§ **Task directions**: Exactly the lines from the one holding "1000 anecdotes de l’automobile" through the last line of the listing below must appear in the answer, and no pictures.

§ **Input data**:
——

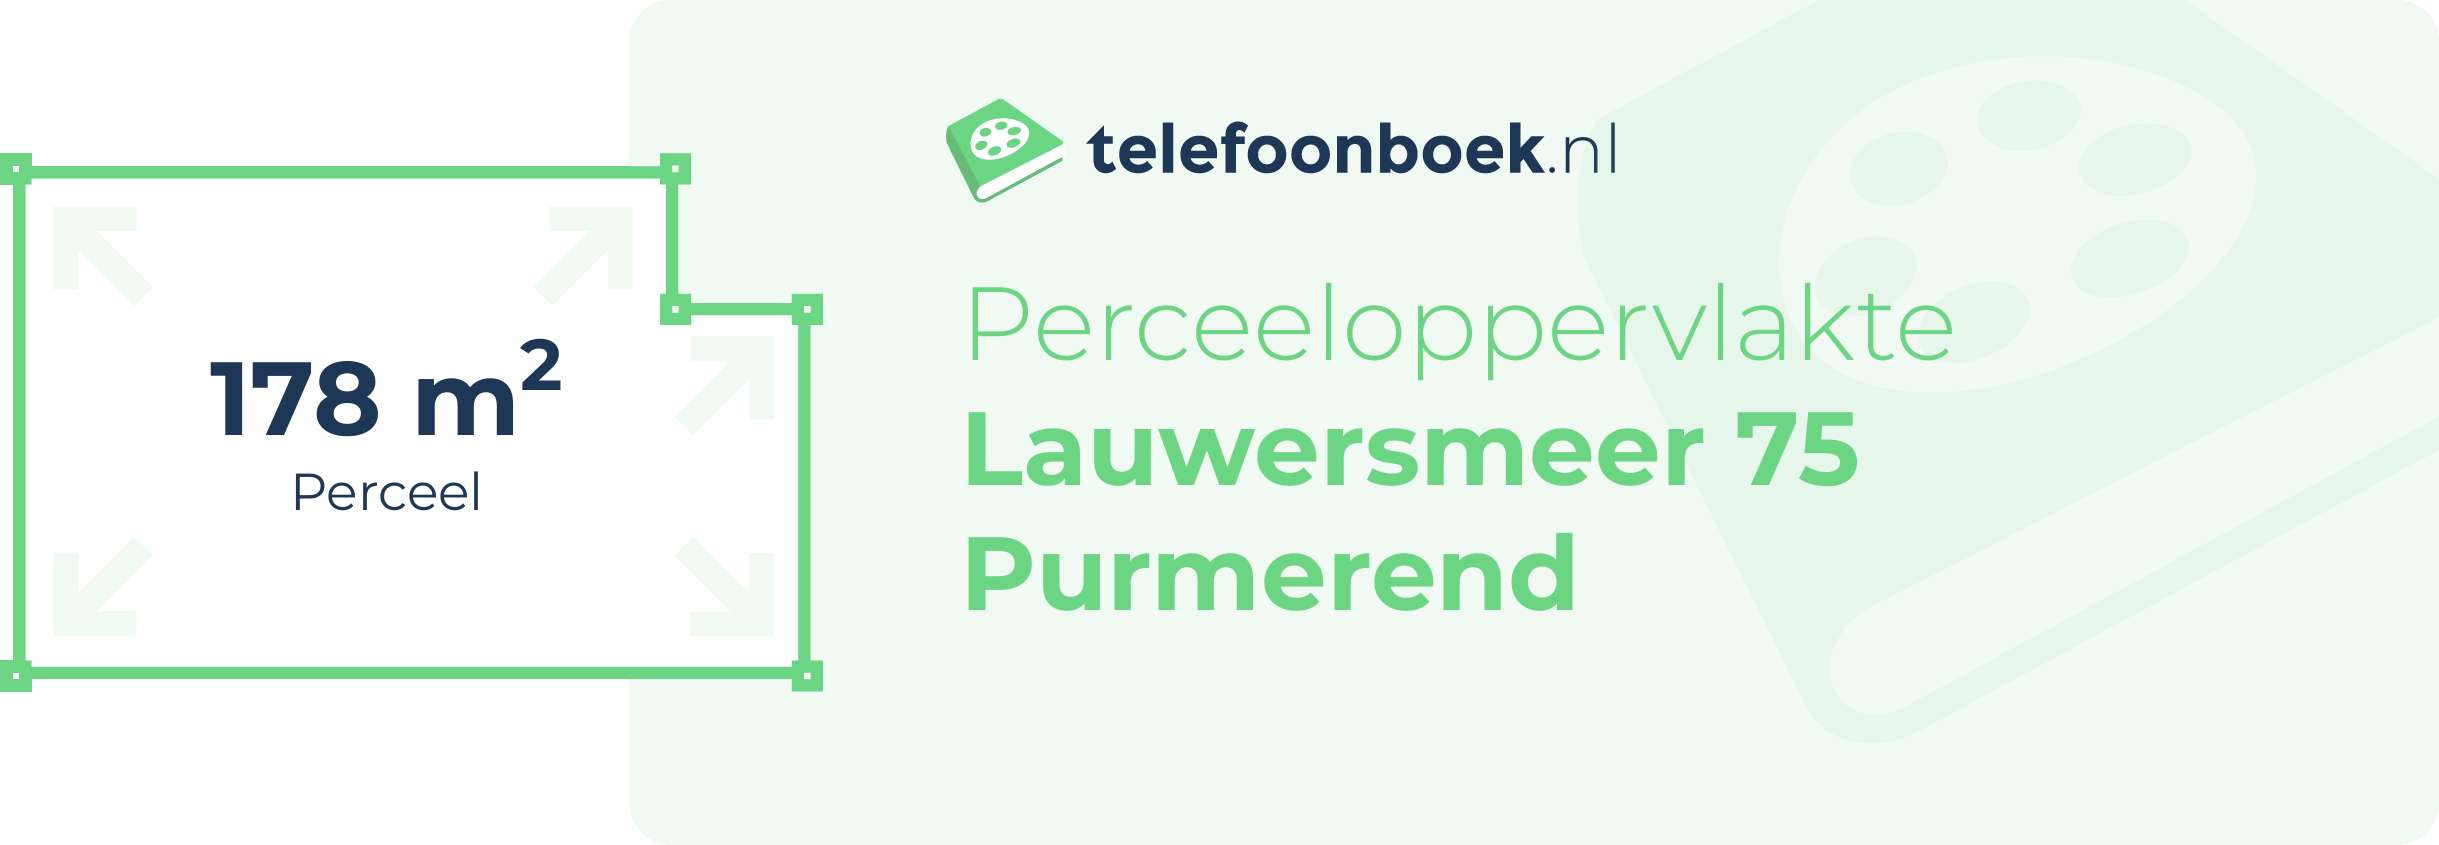 Perceeloppervlakte Lauwersmeer 75 Purmerend
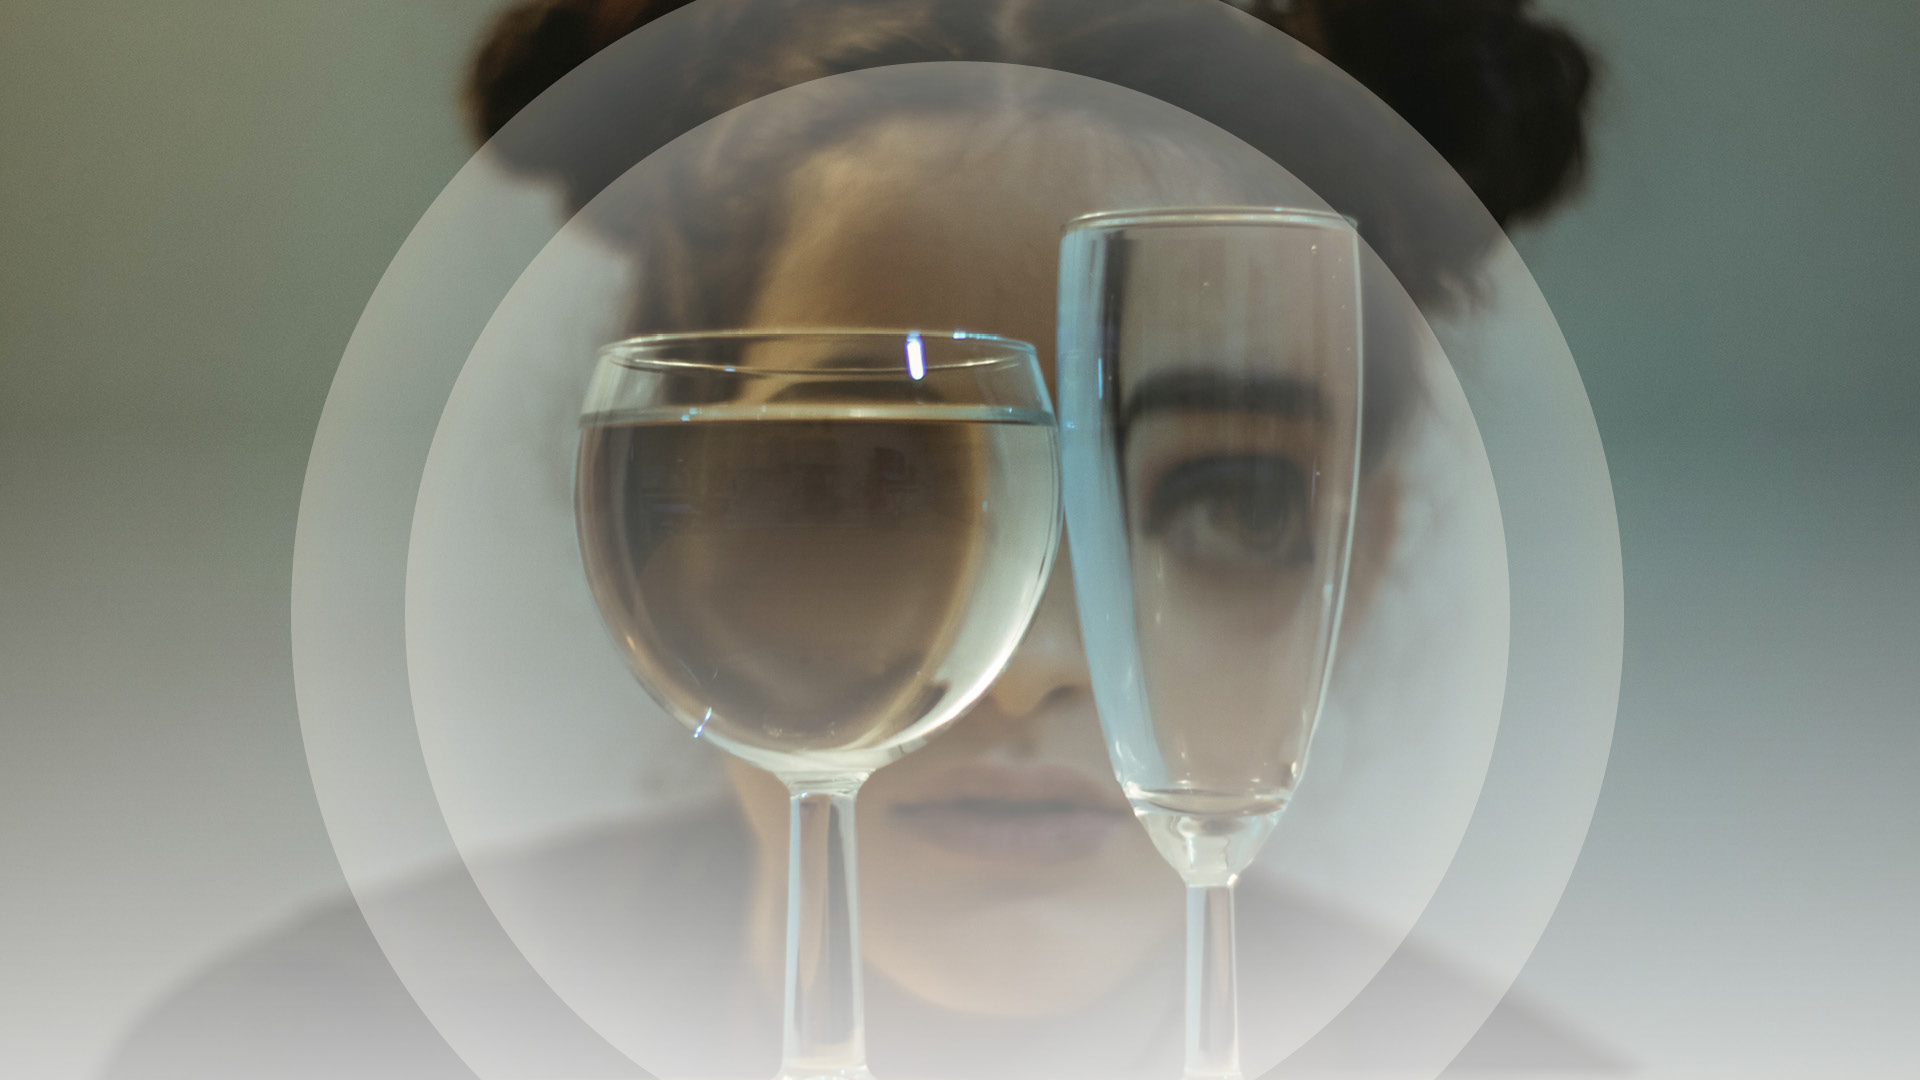 Ett vinglas med vatten och ett tomt champagneglas
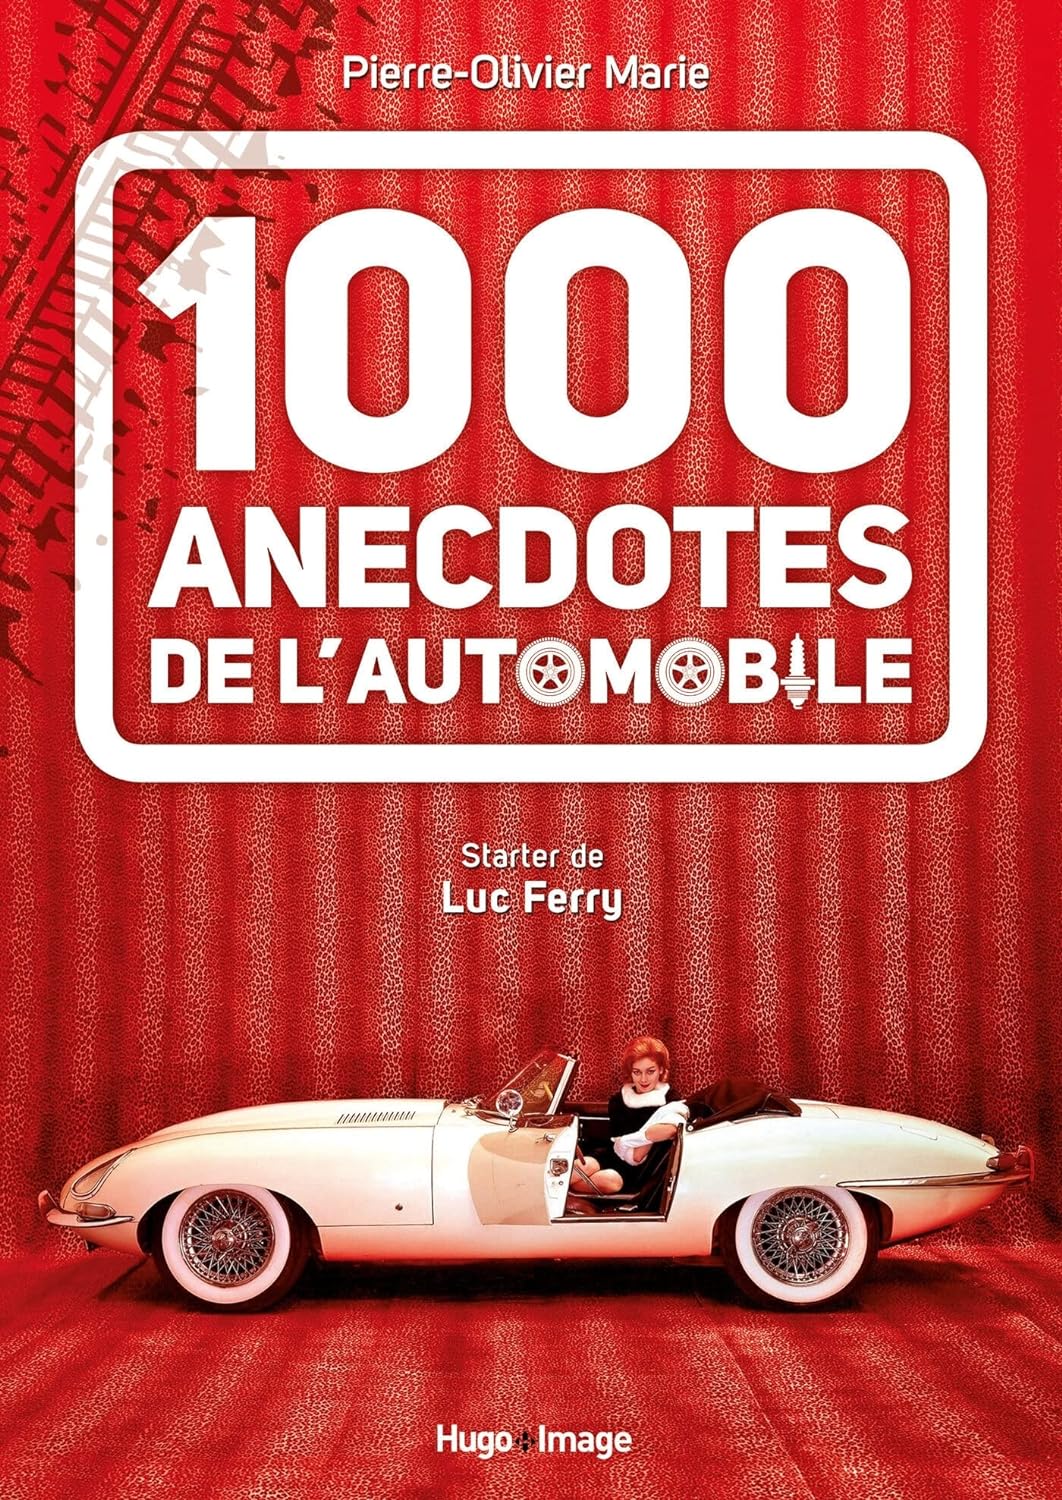 1000 anecdotes de l’automobile
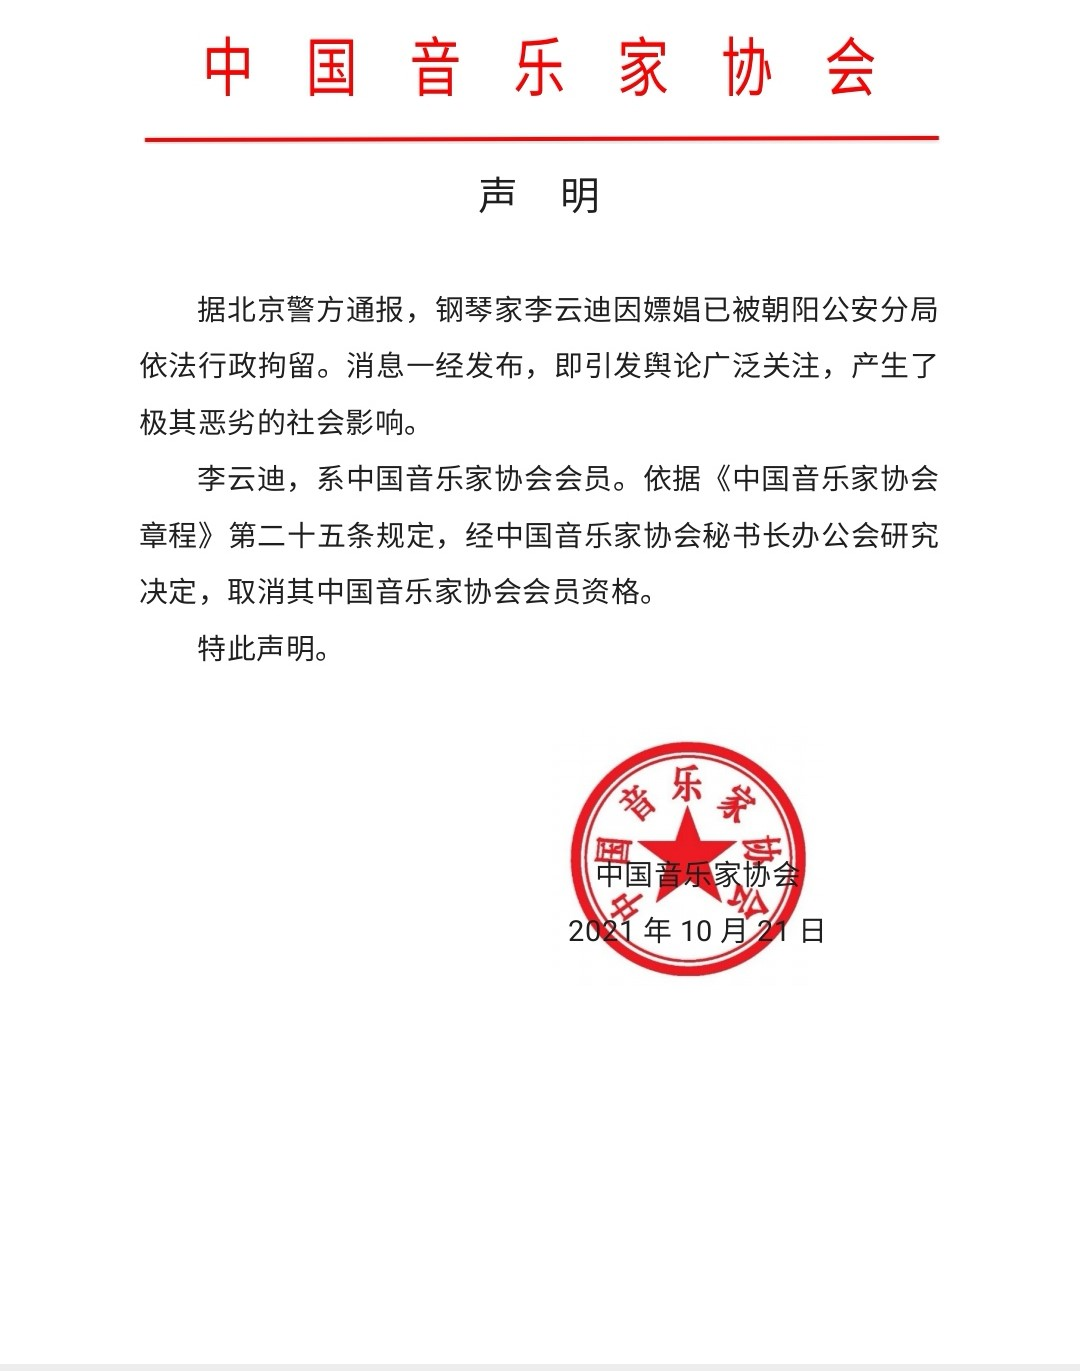 中国音乐家协会发布声明取消会员资格（社会影响极其恶劣）

——

§ **Solution to the exercise**:
 1000 anecdotes de l’automobile
 中国音乐家协会发布声明取消会员资格（社会影响极其恶劣）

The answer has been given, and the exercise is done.